When Kathleen and her husband moved back to the States, she looked for a new culinary direction. One day in a grocery store, Kathleen saw a woman and her daughter with a cart full of processed and pre-made meals. They started chatting, and it turned out the barrier to cooking with less expensive, natural ingredients was the know-how to do it. Kathleen put out a call on a popular radio program, and the “Kitchen Counter Cooking School” was born.
This book chronicles the stories of the women who participated—from what was in their cupboards and refrigerators at the start to the way their lives were changed afterwards. The “meat” of the book are the chapters that correspond with the lessons: Knifework, Taste-testing, Chicken, Bread, Meat, Soup, Omelets, Left-Overs, and more.
We learn along with Jodi, mother of a young son, Sabra, a junk-food lover, Trish, who cooked without joy or confidence, Andra, making her food stamps stretch, and the other participants. Each woman helps highlight the ways our family histories, our relationships, our income, and our issues with health, convenience, and confidence affect what we eat. As they go through each lesson, we learn their stories as well as Kathleen’s.
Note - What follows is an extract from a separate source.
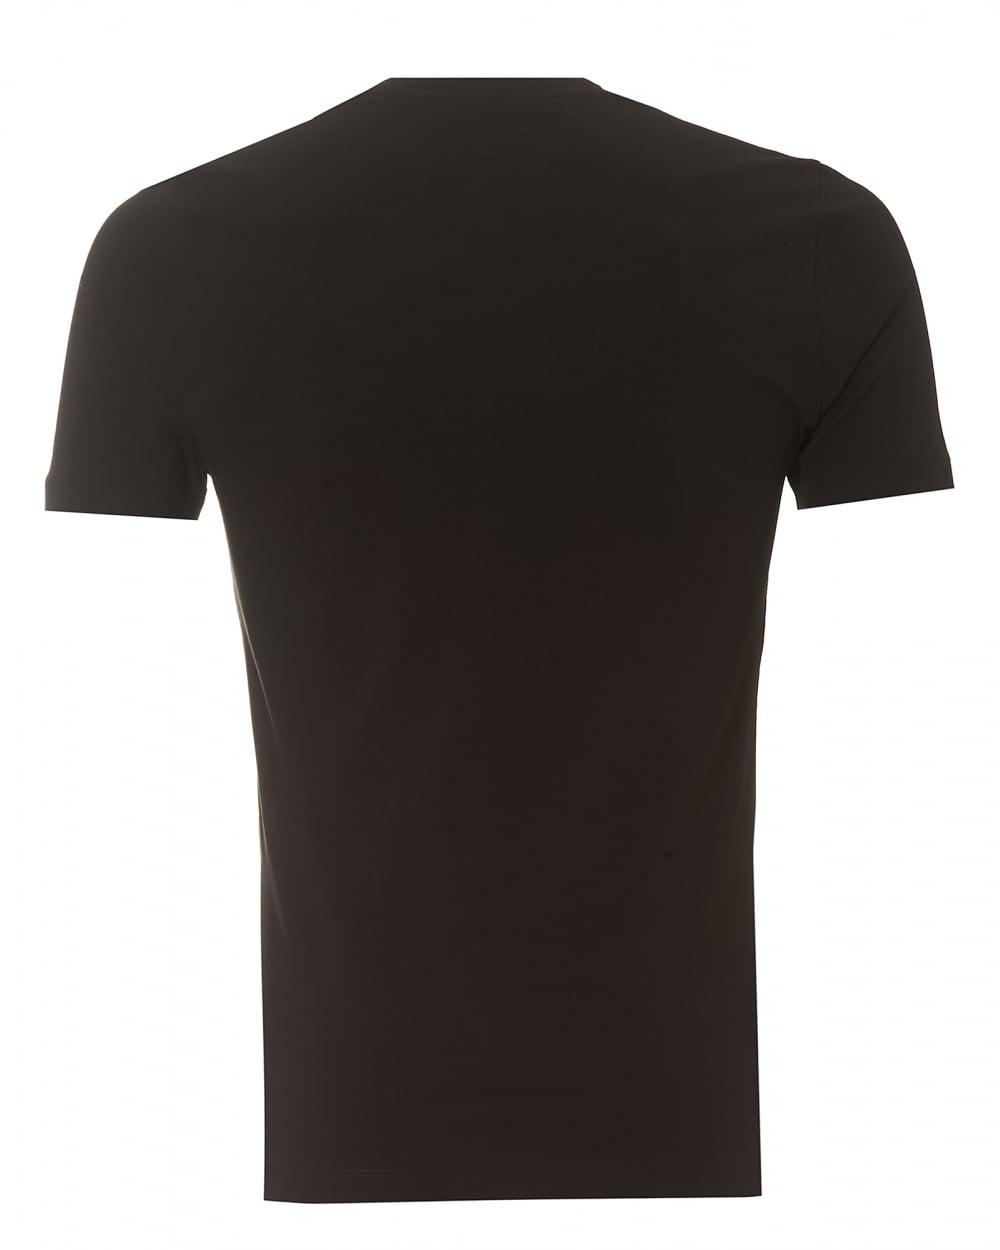 Love Moschino Mens Plain Badge T-Shirt 632452b6c91
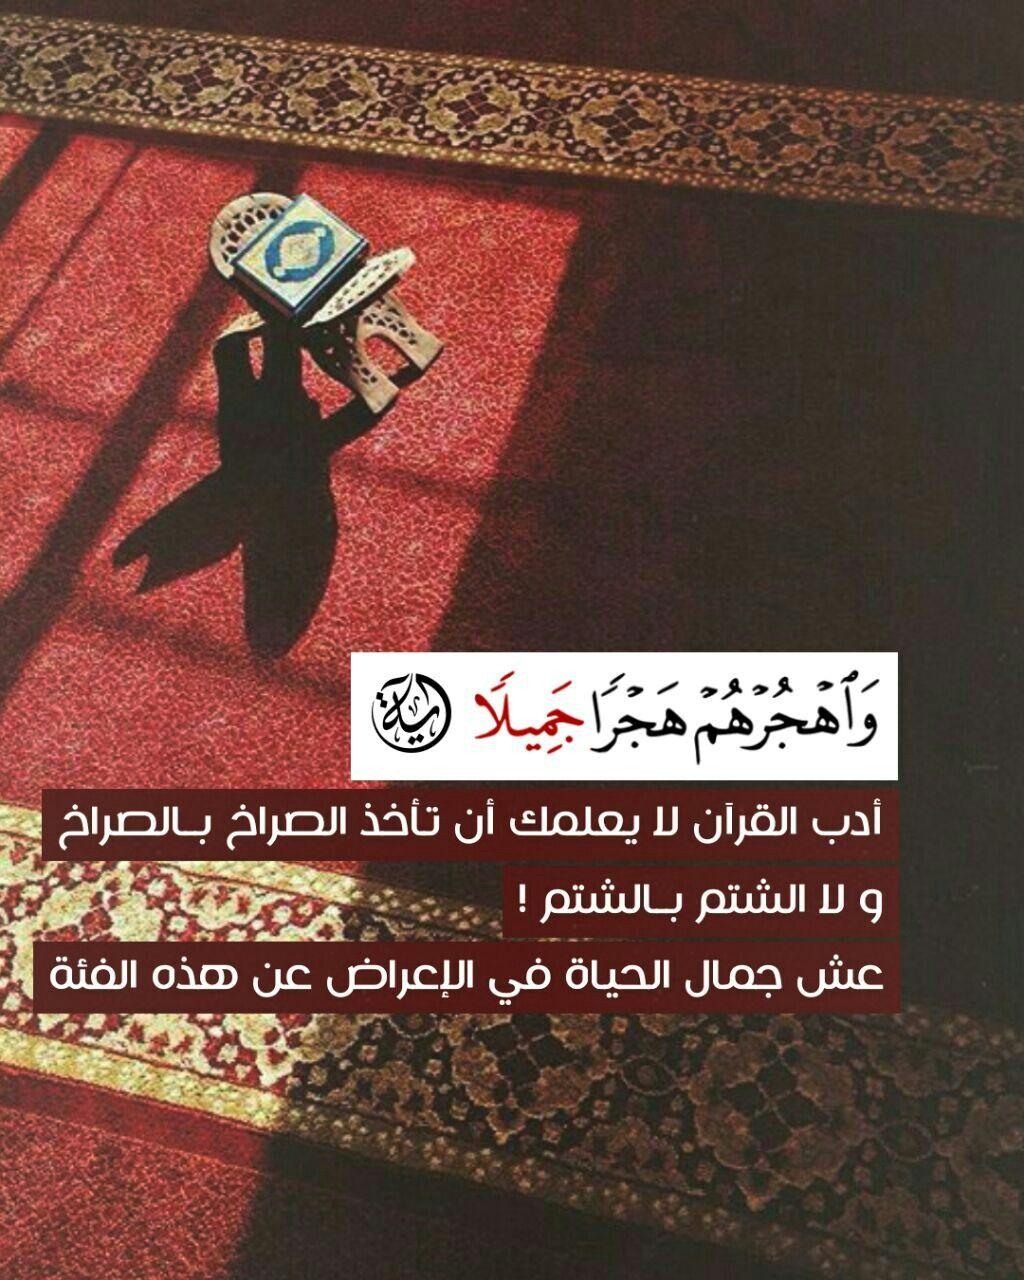 واهجرهم هجرا جميلا Quran Quotes Verses Quran Quotes Islamic Quotes Quran

The final chapter in the book revisits the participants to see what “stuck.” I once chose this book for a book club, and the biggest takeaways we shared overlapped with what the participants said. Salad dressing and tomato sauce are both actually easy and cheap to make at home. Kathleen’s no-knead bread was a huge hit with my family, and so simple. And being creative with leftovers is more do-able when you have a little expert advice. Recipes appear at the end of each chapter.
I can’t think of a book that offers more practical information in a more entertaining way. The subtitle really says it all: How a Few Simple Lessons Transformed Nine Culinary Novices into Fearless Home Cooks.